Valloppillil & Cohen [Page 1]
INTERNET-DRAFT Hierarchical HTTP Routing Protocol 21 April 1997
1. Introduction
There is significant interest in the Internet community and the
ICP working group in particular in finding mechanisms where these
public caches on individual proxy servers can be further aggregated
and shared by as many browsers as possible.
Philosophically, protocols such as ICPv2 are based on dynamic
"pinging" of neighboring proxy servers in an attempt to locate
copies of cached objects.
We propose an alternate approach based on hash-based routing of
URLs. The hash-based routing approach documented here uses a known
"request resolution path" through a network of proxies that is
determined by the URL of the request. An interesting side effect of
this deterministic mechanism is that cache duplication is avoided.
Hashing distributes the URL space among several proxies which are
assumed to be relatively equidistant from each other. Additionally,
this hash-based approach is more tuned for "hierarchical" deployments
of proxy servers. One example of this might be a departmental level
proxy which routes into an "array" of top level proxies in a
corporation which provide the gateway to an ISP. The ISP, in turn,
might operate another "array" of proxies at his/her POP.
By contrast, ICP networks typically involve peered caches which
may operate at the top level of many ISP hierarchies.
As an example of an implementation of hash-based routing, we propose
extending the existing "Proxy Client Configuration File" protocol used
by browsers to intelligently route HTTP requests.
Our proposal would implement this protocol on proxy servers in order
to provide a vendor independent mechanism for specifying sophisticated
hop-by-hop HTTP routing between groups of proxy servers.
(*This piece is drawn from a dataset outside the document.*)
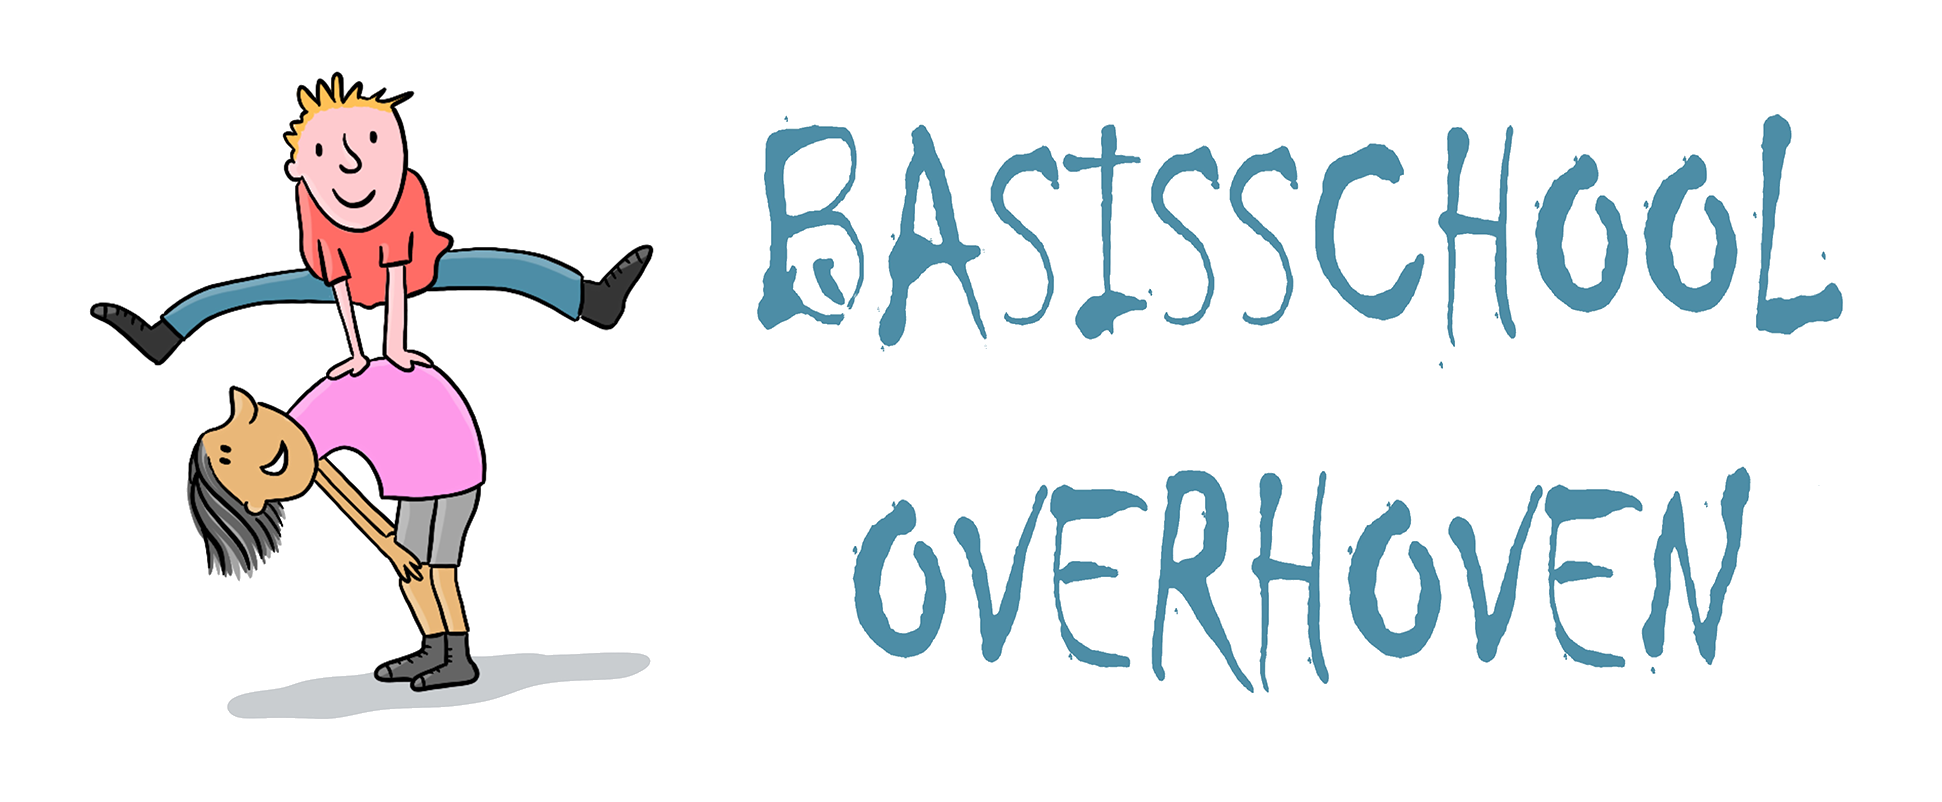 Basisschool Overhoven
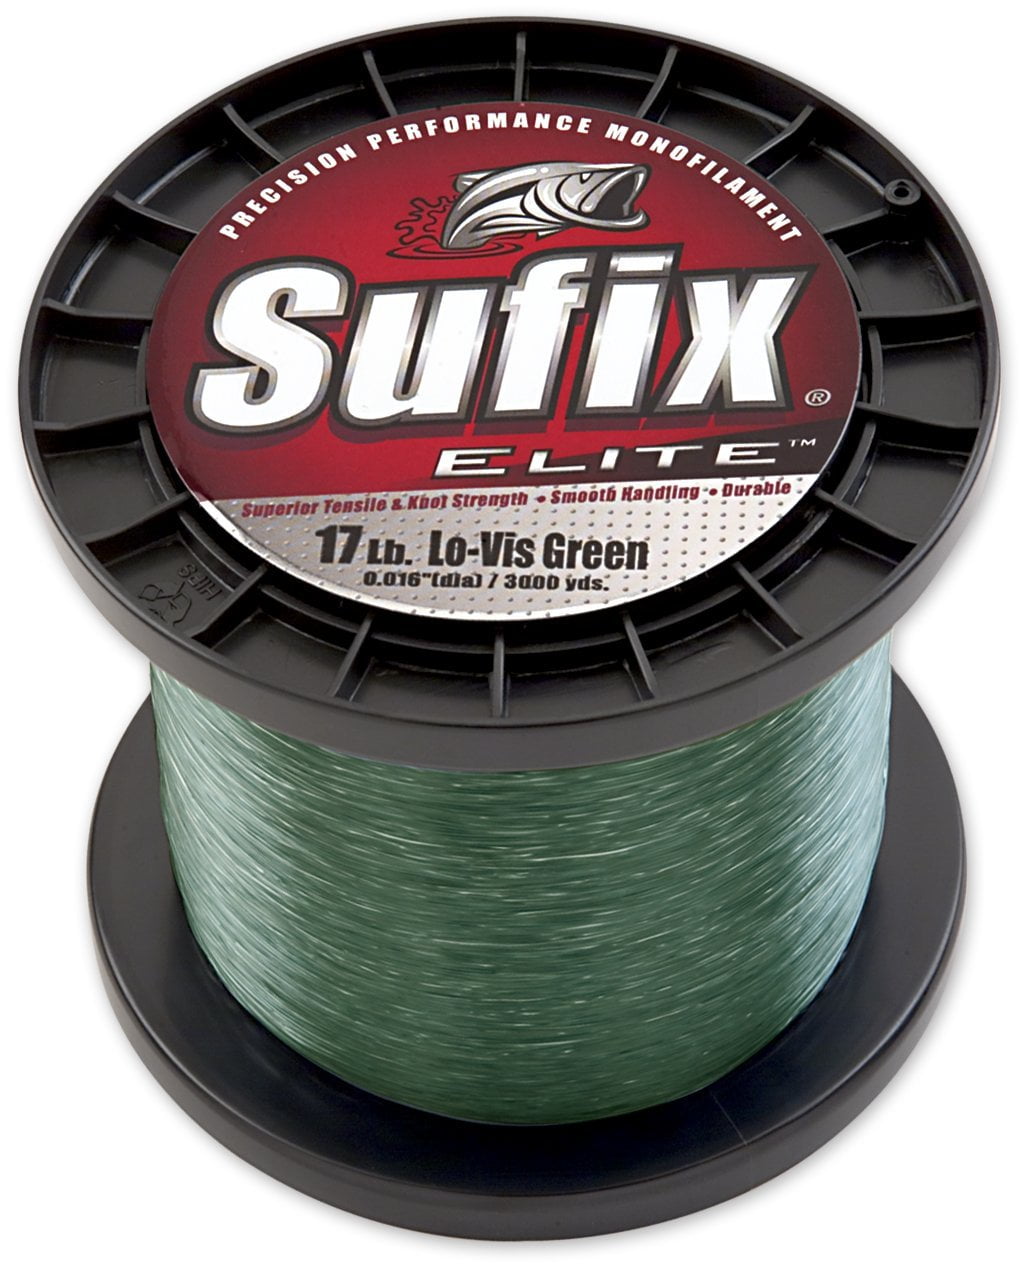 Sufix Elite Monofilament Fishing Line 3000 yds 14 lb. Low-Vis Green

We also demonstrate that intelligent utilization of this routing
protocol can yield almost all of the benefits of alternative cache
cooperation protocols.
We do NOT propose any specific routing scripts and instead leave
determination of such scripts up to individual vendor
implementations.
Although there are clear advantages to the use of the
Proxy Client Configuration File as the vehicle for transporting
routing information, there may be interest in the working group
in exploring other vehicles (e.g. publishing a static data table
containing proxies in an "array" implementing a well-known hash
function within proxies)
Valloppillil & Cohen [Page 2]
INTERNET-DRAFT Hierarchical HTTP Routing Protocol 21 April 1997
2. Proxy Client Configuration File
The Proxy Client Configuration File is described in [1] and [2].
Additionally, multiple interoperable implementations of this protocol
are available in popular client browsers.
As originally constructed, this file is intended for consumption by
client programs (web browsers) and is evaluated per URL to be
retrieved by the browser. The output of this script provides an
ordered series of proxy servers to be used by the browser to retrieve
the object specified by the URL.
One of the excellent properties of HTTP-proxy protocol [5] is that it
exposes proxy servers to upstream servers & upstream proxies as
regular clients. Because the administrator a group of proxies may
wish to make make assumptions about a downstream client's ability
to interpret a script, we wish to extend the metaphor to include
use of the configuration file by proxies as well as "classical"
clients.
3. Example implementation
Researchers have documented the concept of using client-side
hash-based routing to spread load across multiple proxy servers.
The deterministic nature of many of these algorithms has the
additional benefit of improving cache hit rates by creating the
image of a single logical cache spread over many proxies. [4]
In this proposal, the administrator of an "array" of proxies at an
ISP may wish to construct a script that hashes URLs and distributes
the hash space across each of his/her proxy servers. Using the same
downstream script, the administrator should be able to service both
dial-in clients (whose browsers already support the protocol) as well
as leased lines to corporate proxies.
The hop-by-hop nature of the routing provides additional flexibility
in this example. The corporation may wish to use one particular
routing script internally (one which tells clients to directly access
intranet content, for example) whereas the ISP may wish for the
corporation's proxy servers to use a different script to route into
the ISP's proxies (one which routes all requests through the caches
for maximum hit rates).
Valloppillil & Cohen [Page 3]
INTERNET-DRAFT Hierarchical HTTP Routing Protocol 21 April 1997
4. Security Considerations
Security issues are not directly addressed in this document. Any
security functionality is derived from the underlying HTTP layer.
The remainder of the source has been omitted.